I think it must have been the last, for, as in a dream, I saw this man standing on a broken cart and knew him at once, though he was like no king that the world had ever seen before. The hair had gone from his brown and wrinkled head; his beard, that had once been his lion’s pride, was but a few thin hairs that blew about in the wind on our upland rocks; his nose had shrunk until it looked a bird’s beak, above which his filmed grey eyes gazed, like those of a timeless mariner who must search for some lost coast-line to eternity, blinding himself.
I saw his shoulder-bones almost poking up through his salt-caked hide; the grizzled mat of grey hairs that shrouded his body from throat to waist; the palsied twitching of his great hands on the reins —and I thought: Is this the man I hate? Is this the man who has brought fear and agony to Hellas, to my family?
As the late sun struck down between two pillars on to him, I saw Agamemnon clearly for the first time in my life. He was nothing hut a blind old man, a dreamer who had lost his dream, a warrior no longer strong enough to shake a sword. This was the High King of Achaea.
And I looked at my mother, and she was an old woman; no longer beautiful, noble only in name, a gasping creature leaning on a grey stone wall and trying to remember the fire, the rage of youth.
Put the two of them together, out on the road to Delphi, and any peasant would throw an offering of bread to them; no farmer with two acres to his name would stand aside to let them pass….
Then all at once I heard my mother call, ‘There she is, the Trojan’s daughter. There is his woman and her children!’
Sitting behind Agamemnon in the cart was a girl about my own age, a soiled grey cloth over her black hair, like a head-dress, and a tom robe of wool bound roughly round her body with hide thongs. At her thin breast she suckled one baby; at her side stood a pale, grey-eyed boy, his slack mouth open and the moisture dribbling from it on to his torn shirt.
Aegisthus had time to sneer and say, ‘So, this is Cassandra, who foretells the future—if only she could get anyone to listen to her!
In truth, King Priam must have been a crofter-king, some jumped-up peasant, to father such kin!’
Then King Agamemnon came within hearing distance, and all the folk looked to us to give him the proper greeting. I glanced at my brother in his armour, and saw the tears welling in his eyes that this old scarecrow should be his father. Hermione put her arms about him and tried to console him, but he shook her away rudely.
Then Clytemnestra went forward with difficulty, leaning on her handmaids, and stopped in front of the two oxen that dragged the High King’s cart.

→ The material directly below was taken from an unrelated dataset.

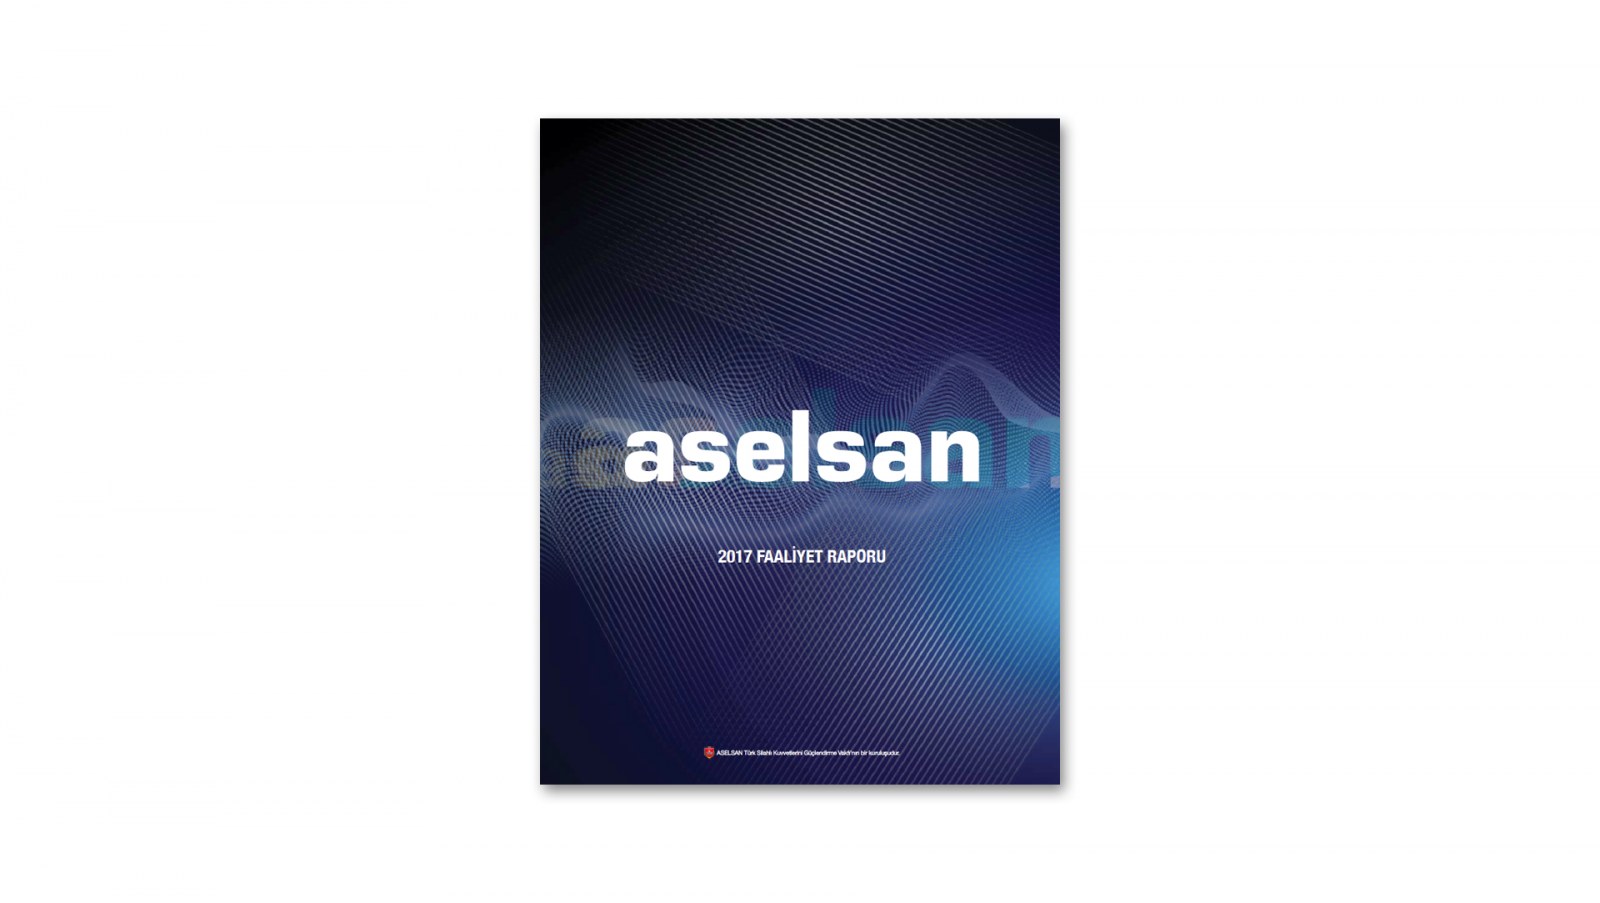 ASELSAN / 2017 Faaliyet Raporu / 2017 Annual Report

Somehow she found strength to call in a high, clear voice, Greetings, Lion of Hellas! “We of your House come out to meet you. How went the war in Troy, my lord?’
Agamemnon bent his head, as though it was painful for him to move his neck, and stared like a man trying to see through a heavy mist. His blank grey eyes wavered for a while, then seemed to find my mother. He held out his hands widely, in the ritual gesture, and said, ‘Some died on either side, my wife. But in the end the god gave us the victory and the honour. We return with tribute and in peace.’
Neither of them made reference to Cassandra or to Aegisthus; but Clytemnestra took the head-band of the ox nearest to her and made the motion of leading the cart up towards the palace. As she went, each step a penance, her handmaids close behind her lest she fell, Orestes and I walked at the tail of the cart in silence. Our father half-turned and saw us, his mouth twitching and his brows moving up and down, like a very old man who is beating his brains to remember, but cannot.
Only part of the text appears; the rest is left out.